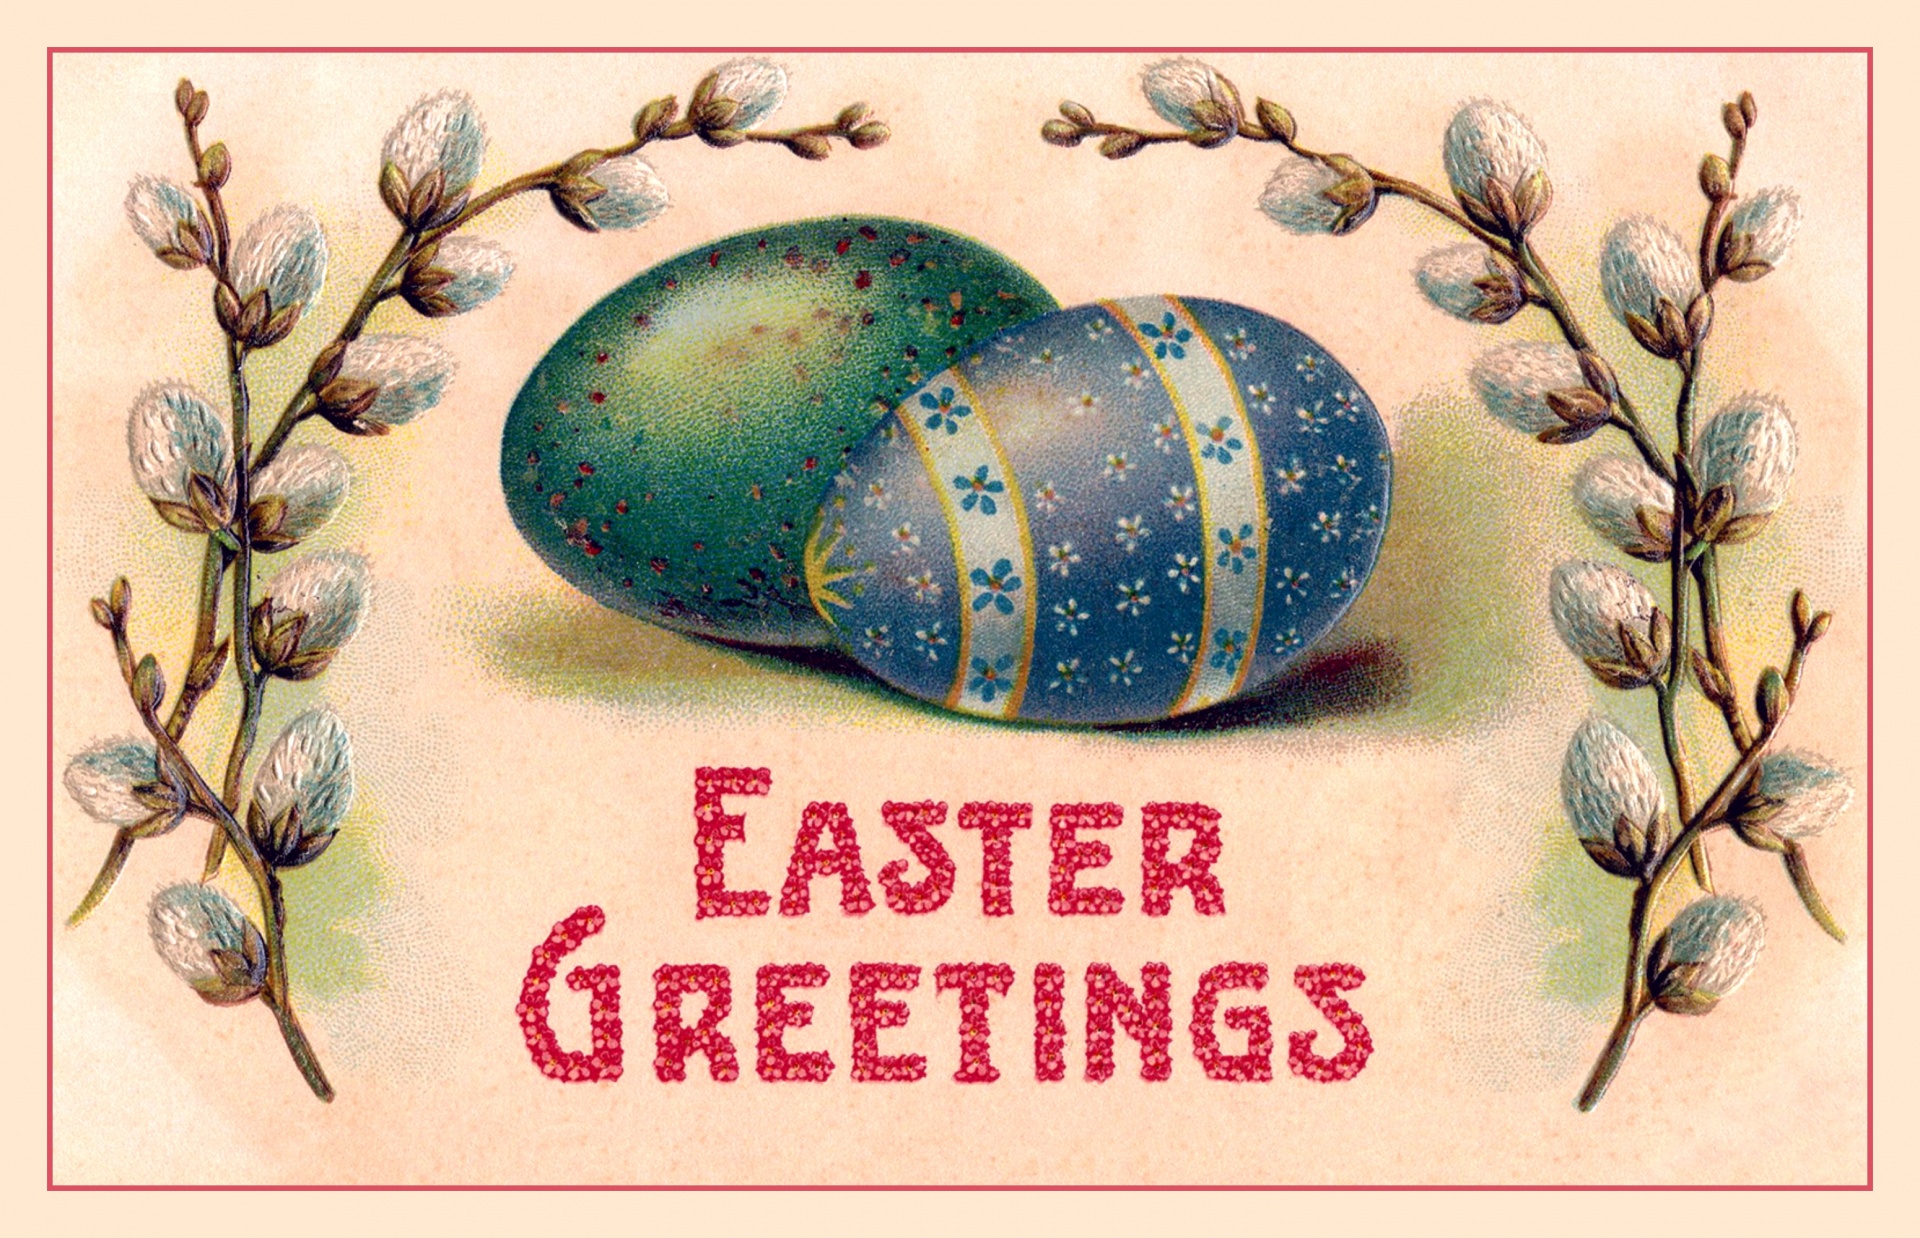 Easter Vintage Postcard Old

* * * * *

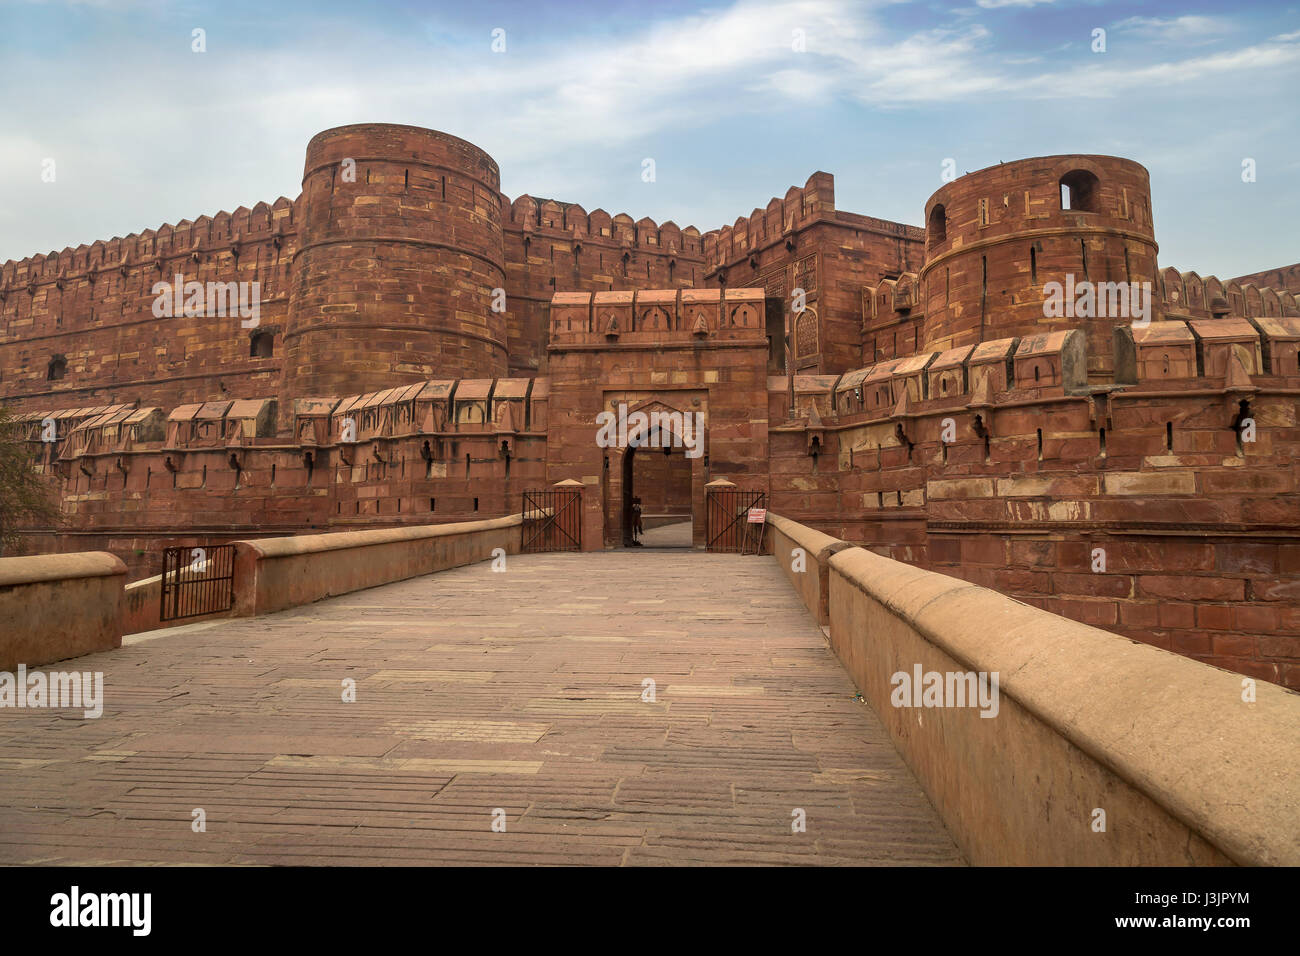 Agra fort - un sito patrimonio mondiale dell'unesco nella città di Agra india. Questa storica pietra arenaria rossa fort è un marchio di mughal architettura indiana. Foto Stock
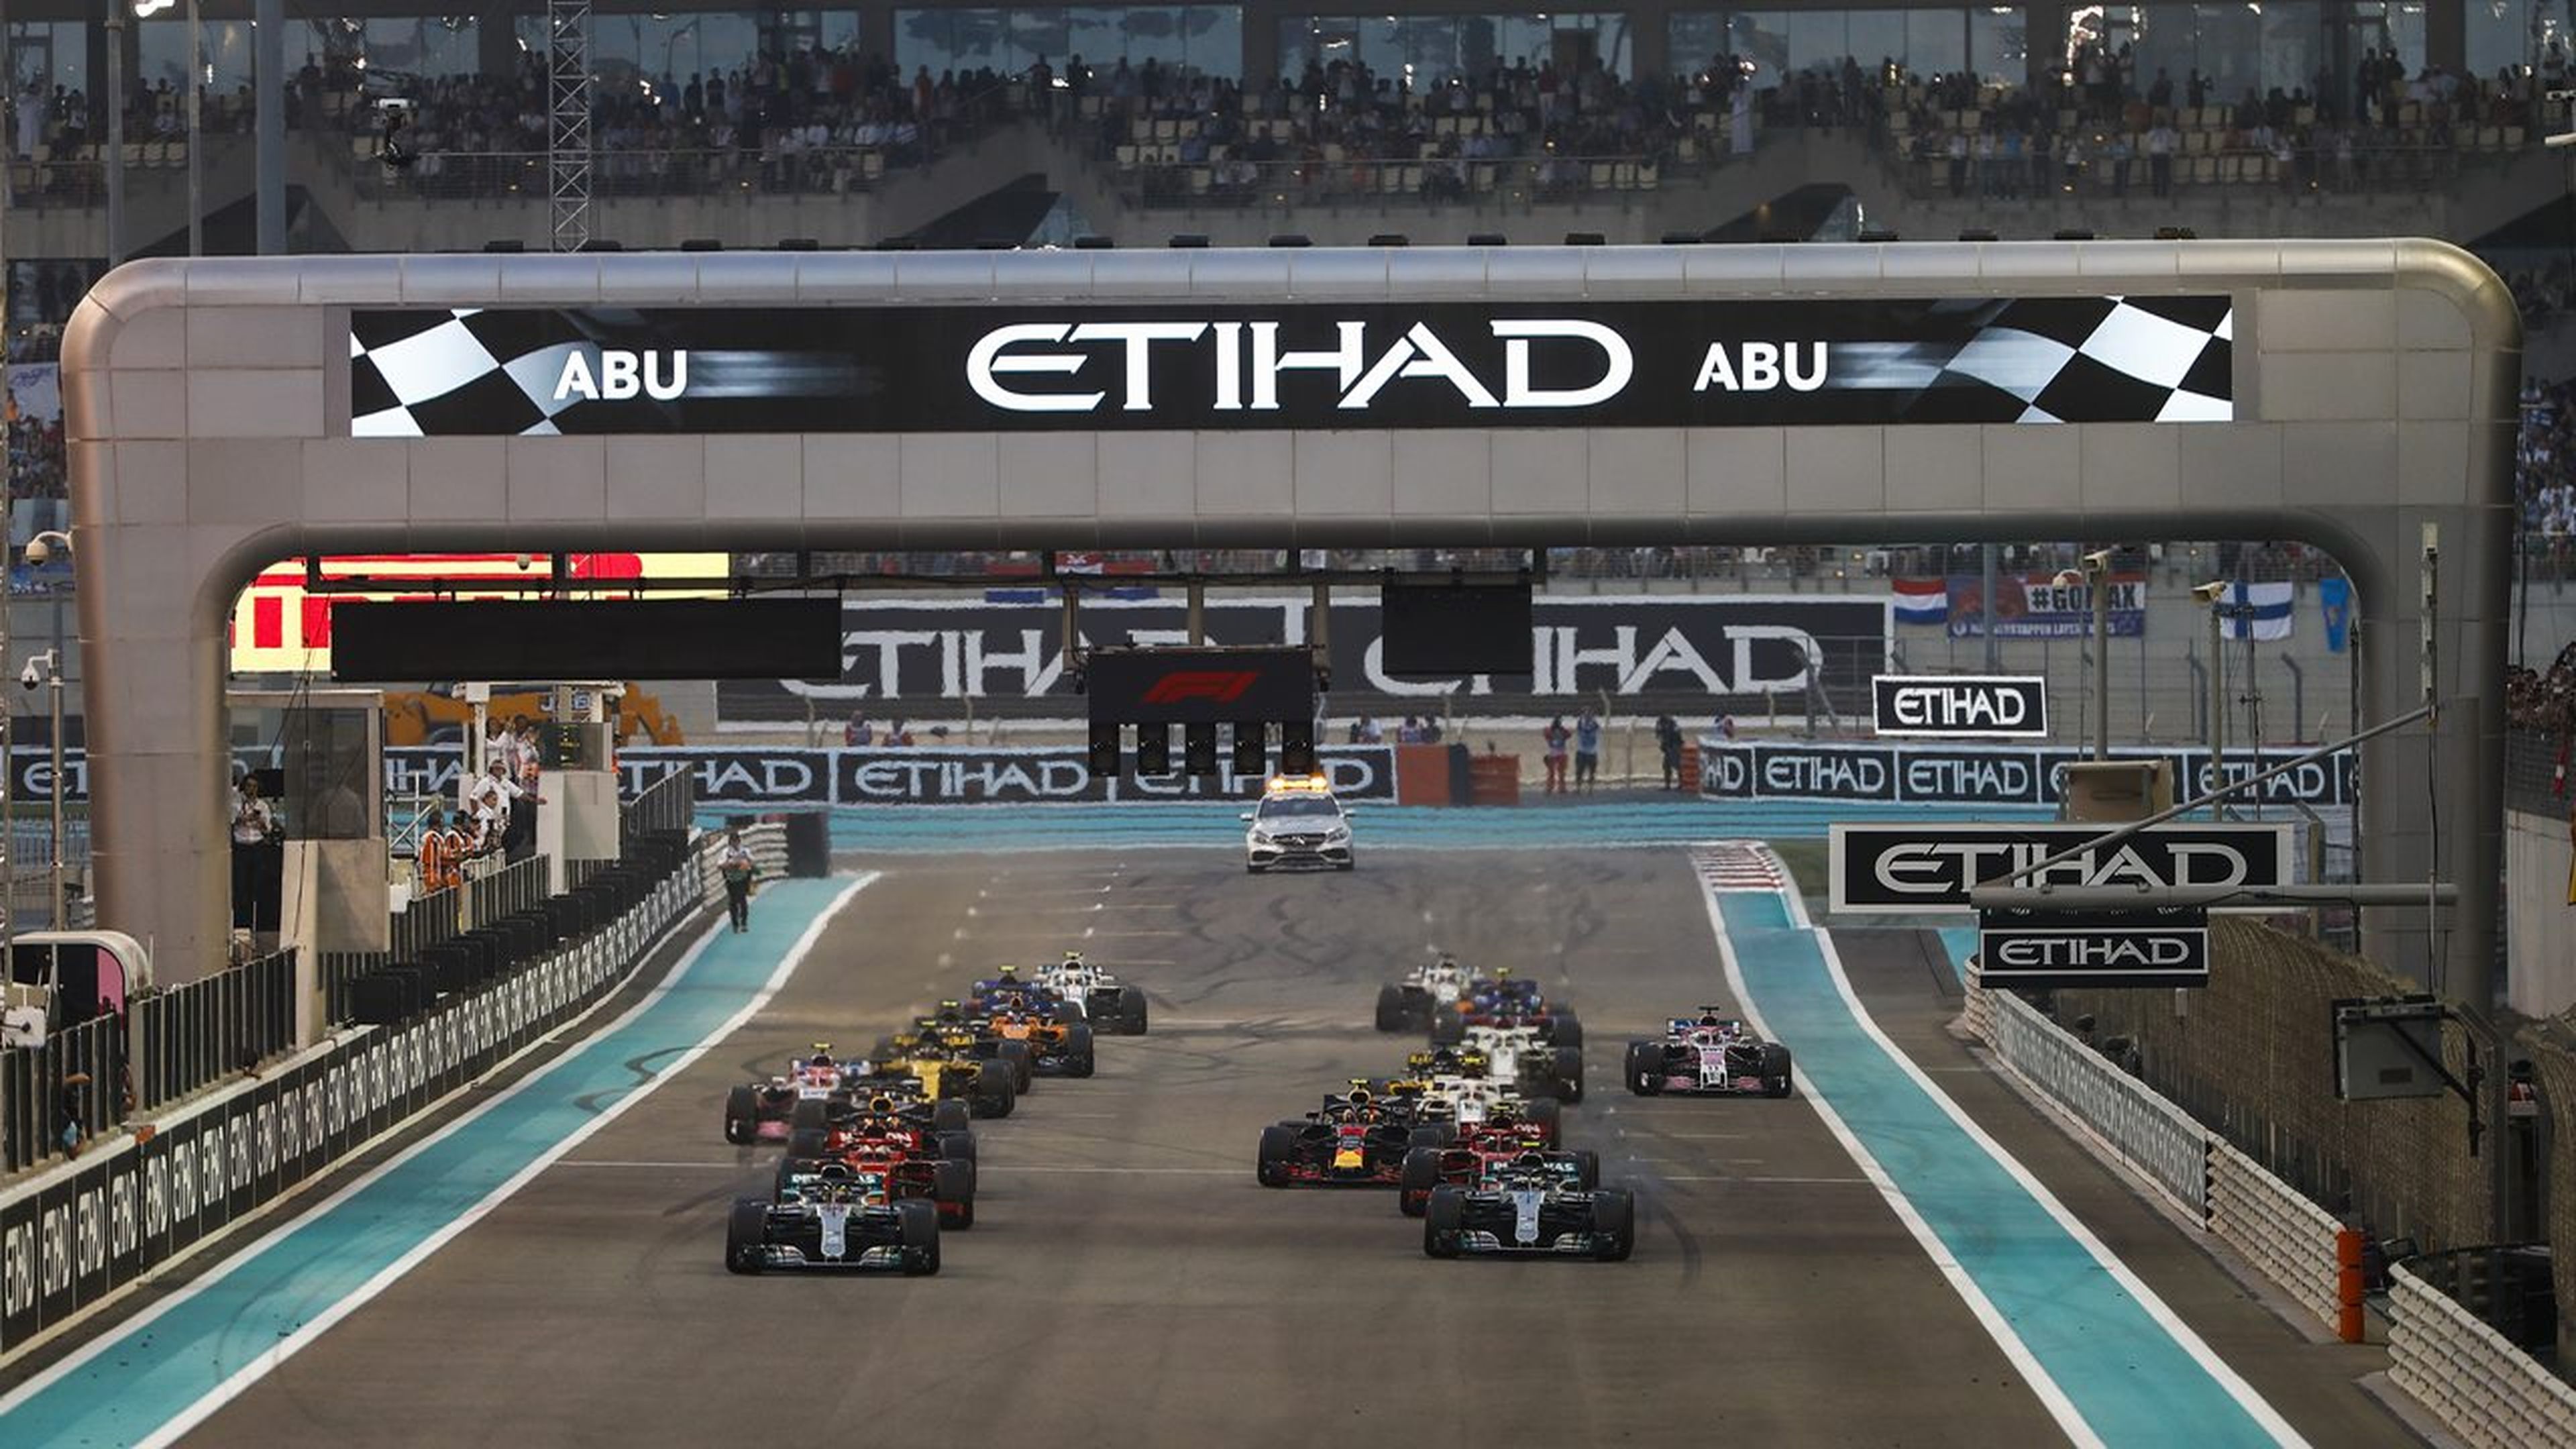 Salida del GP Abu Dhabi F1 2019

* * * * *

What is being asked →
All lines above starting at the one with "Agra fort - un" and ending at the one with "Salida del GP Abu Dhabi F1 2019", inclusive, are to be printed again exactly, with the pictures left out.

Solution →
 Agra fort - un sito patrimonio mondiale dell'unesco nella città di Agra india. Questa storica pietra arenaria rossa fort è un marchio di mughal architettura indiana. Foto Stock
 Salida del GP Abu Dhabi F1 2019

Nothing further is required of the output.